Ones I have done were Genies with most current software. They act just like a legacy LNB or SWM switch is connected and you have to go in and pick the proper LNB from the drop down menu. SWM was set just the LNB wasn't.


----------



## peds48 (Jan 11, 2008)

Must have been outdated software. 


Sent from my iPhone 6s using Tapatalk


----------



## P Smith (Jul 25, 2002)

west99999 said:


> Ones I have done were Genies with *most current software*. They act just like a legacy LNB or SWM switch is connected and you have to go in and pick the proper LNB from the drop down menu. SWM was set just the LNB wasn't.





peds48 said:


> Must have been *outdated software*.


someone posting, some reading, someone doesn't !


----------



## studechip (Apr 16, 2012)

P Smith said:


> slice, open a thread based on sg's FUD ? tsk,tsk,tsk
> 
> not before get info from SECOND other knowledgeable source, perhaps here


FUD?, sure.


----------



## lwilli201 (Dec 22, 2006)

Here is my setup. I have an HR54, and 1 HR21 and 2 HR24 which equals 13 tuners and a 3D2RBLNBR0-01 LNB. I hooked up an old HR34 in my shop to see if I could use channel 100 to test TV's. So that is 14 tuners running. I fix LCD TV's as a hobby. It works and nothing has blown up. I also ran a signal test on all 5 tuners on the HR34 with no problem. The HR34 is not activated but it seems to be actively using all 5 tuners. 
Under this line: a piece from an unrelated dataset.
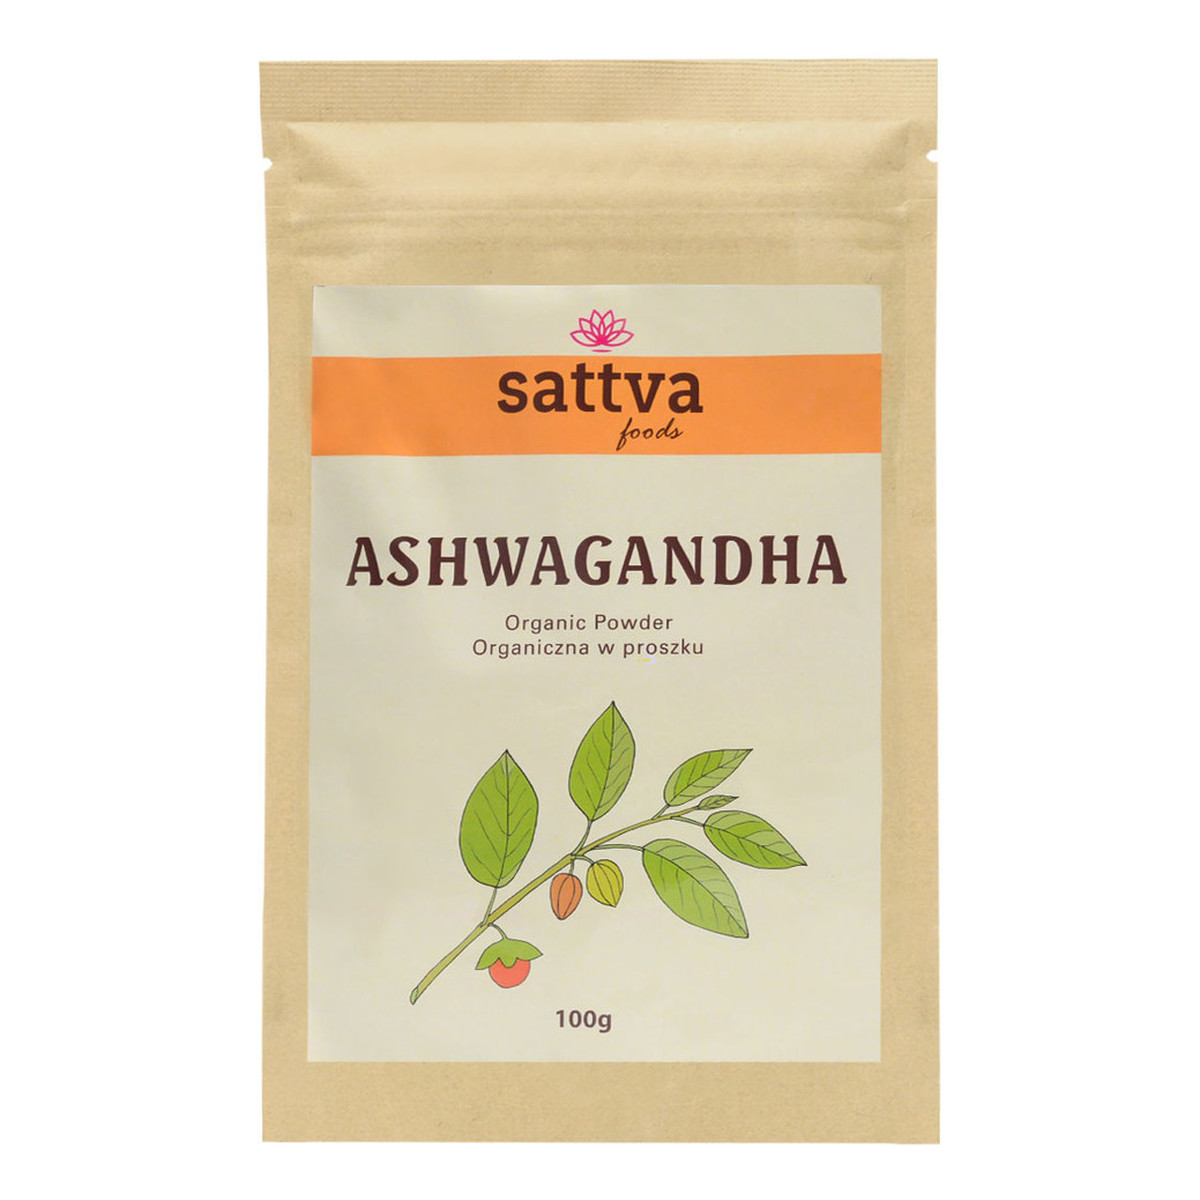 Sattva Foods Organiczna Ashwagandha w proszku 100g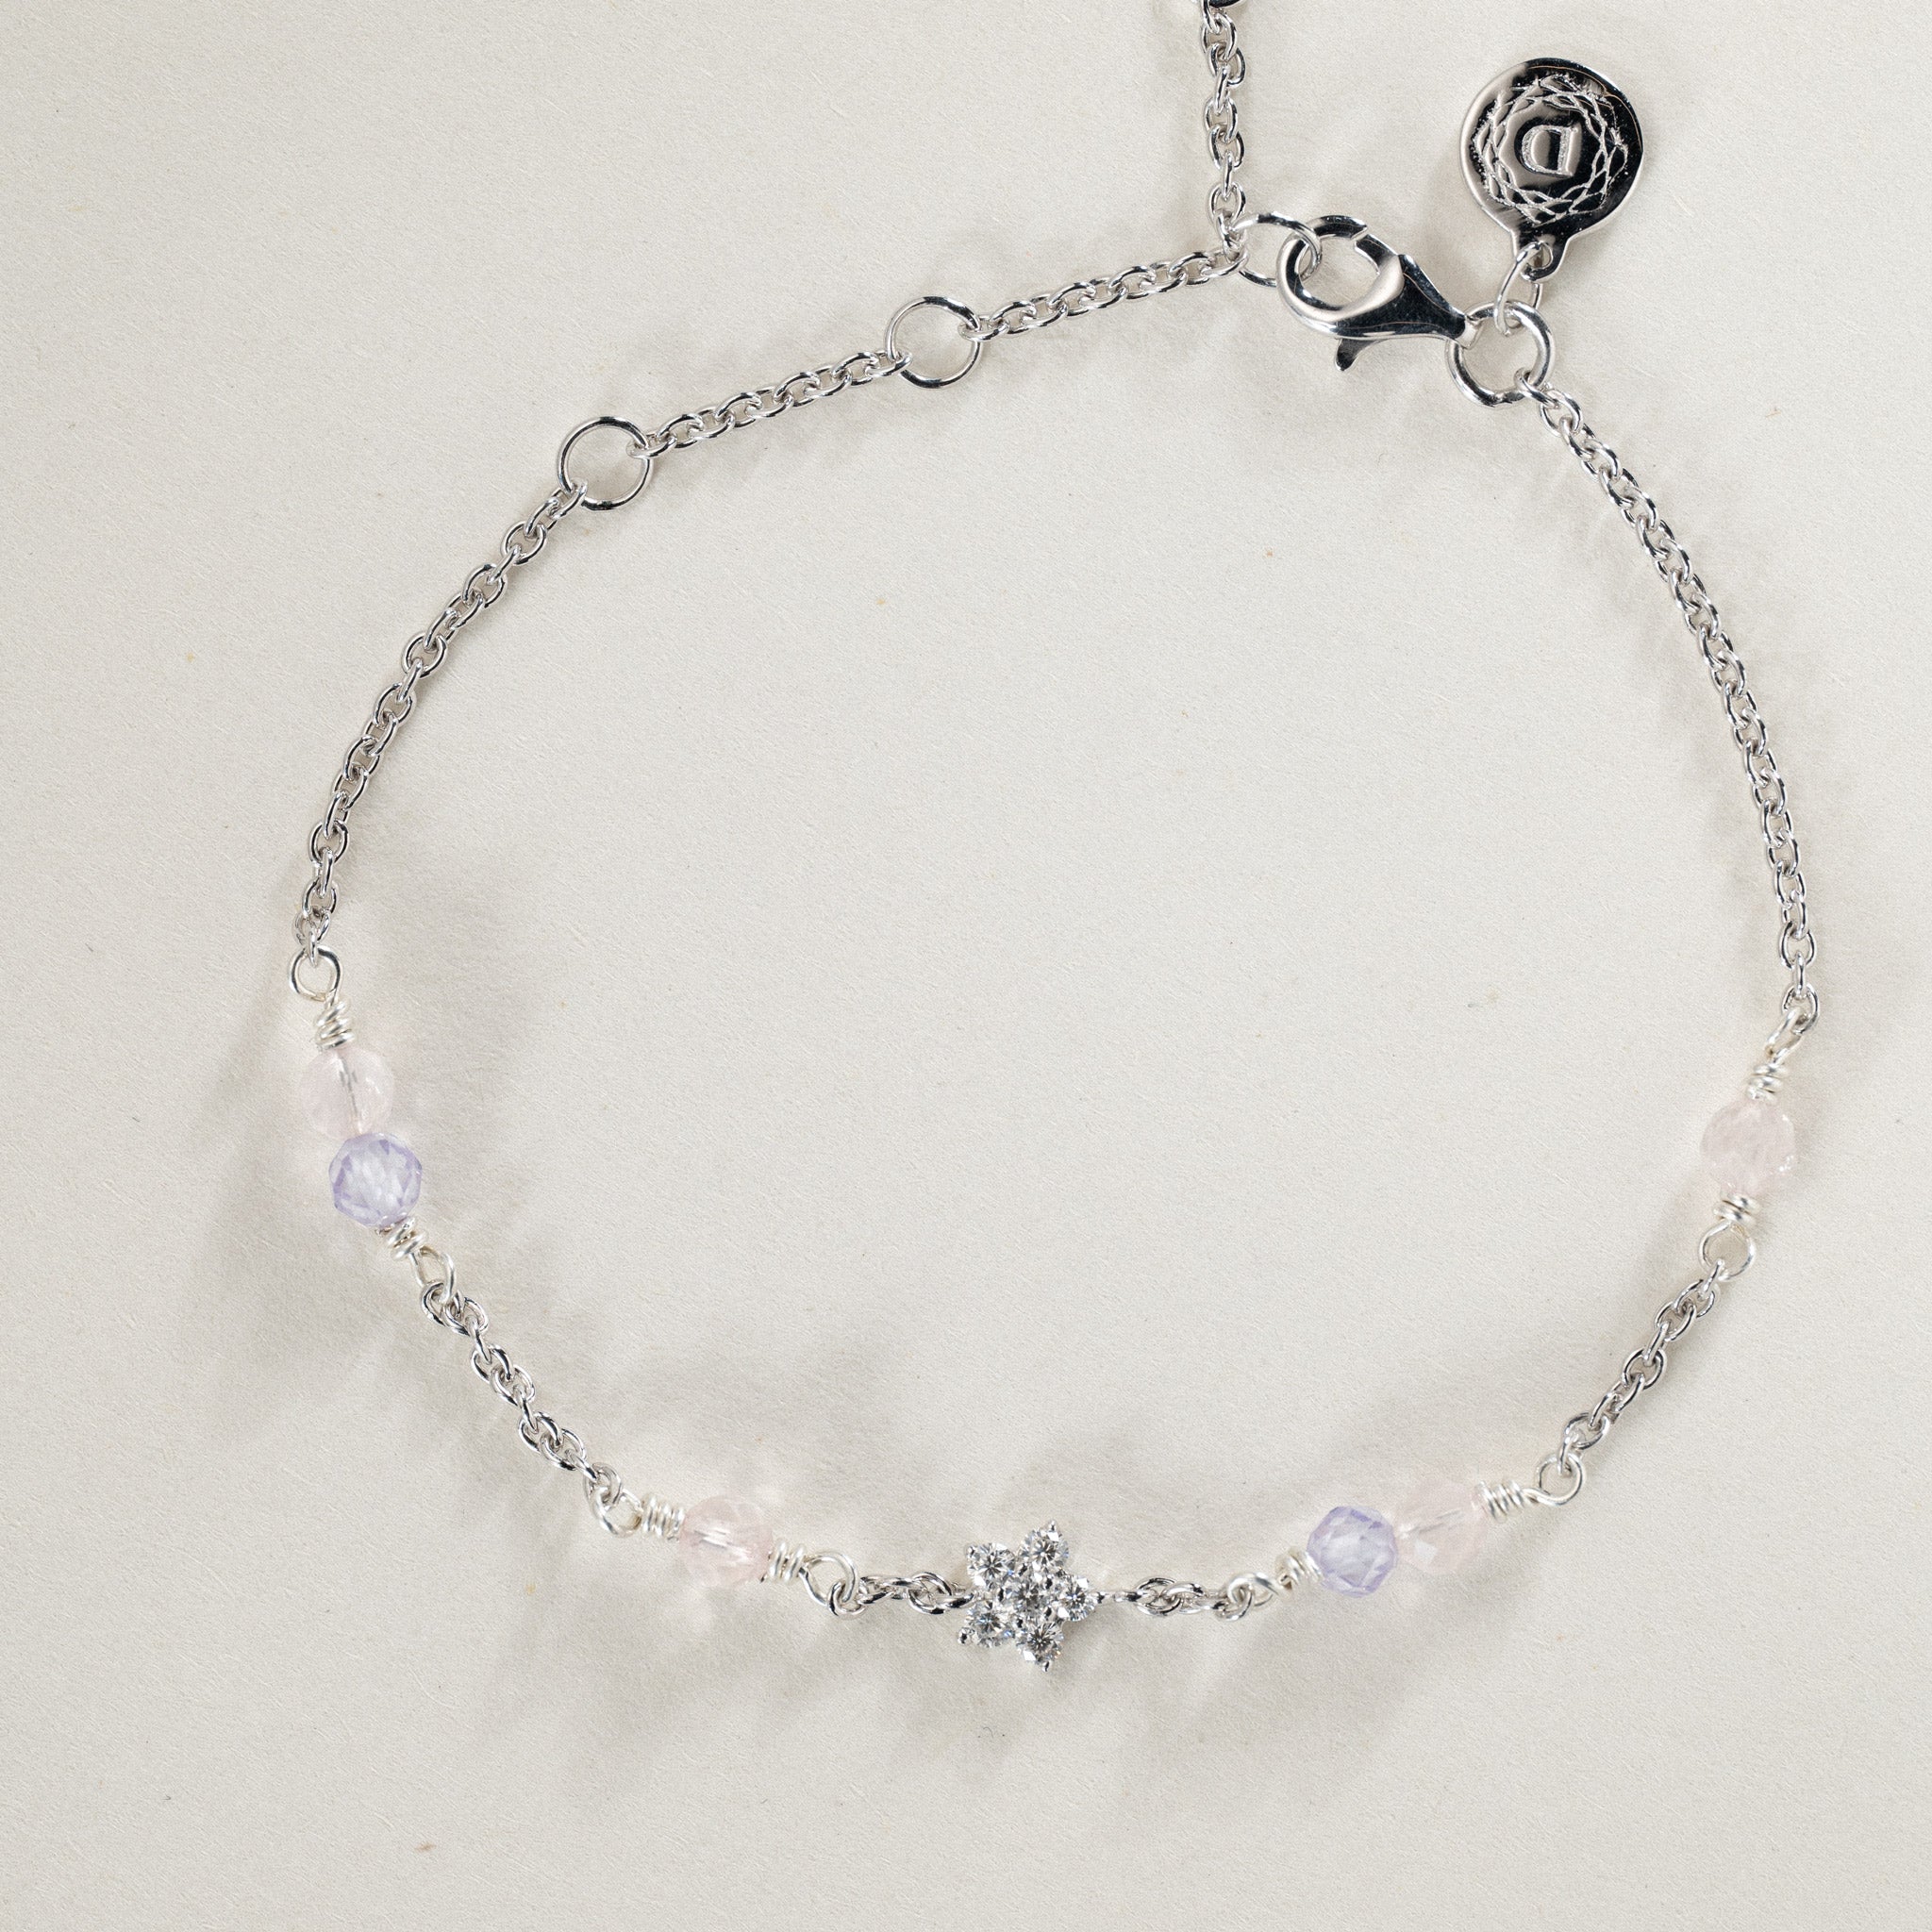 No. 03 - 0.12ct Grown Diamond Star bracelet in silver w. semi-precious stone

I want to try to activate an H21 for my shop for a total of 14 tuners. Will Directv allow me to do that?


----------



## slice1900 (Feb 14, 2013)

Dunno whether they'll activate or not, but SWM doesn't care if receivers are activated. Channels are allocated either way.


----------



## P Smith (Jul 25, 2002)

slice1900 said:


> Dunno whether they'll activate or not, but SWM doesn't care if receivers are activated. Channels are allocated either way.


exactly !
seen that by myself


----------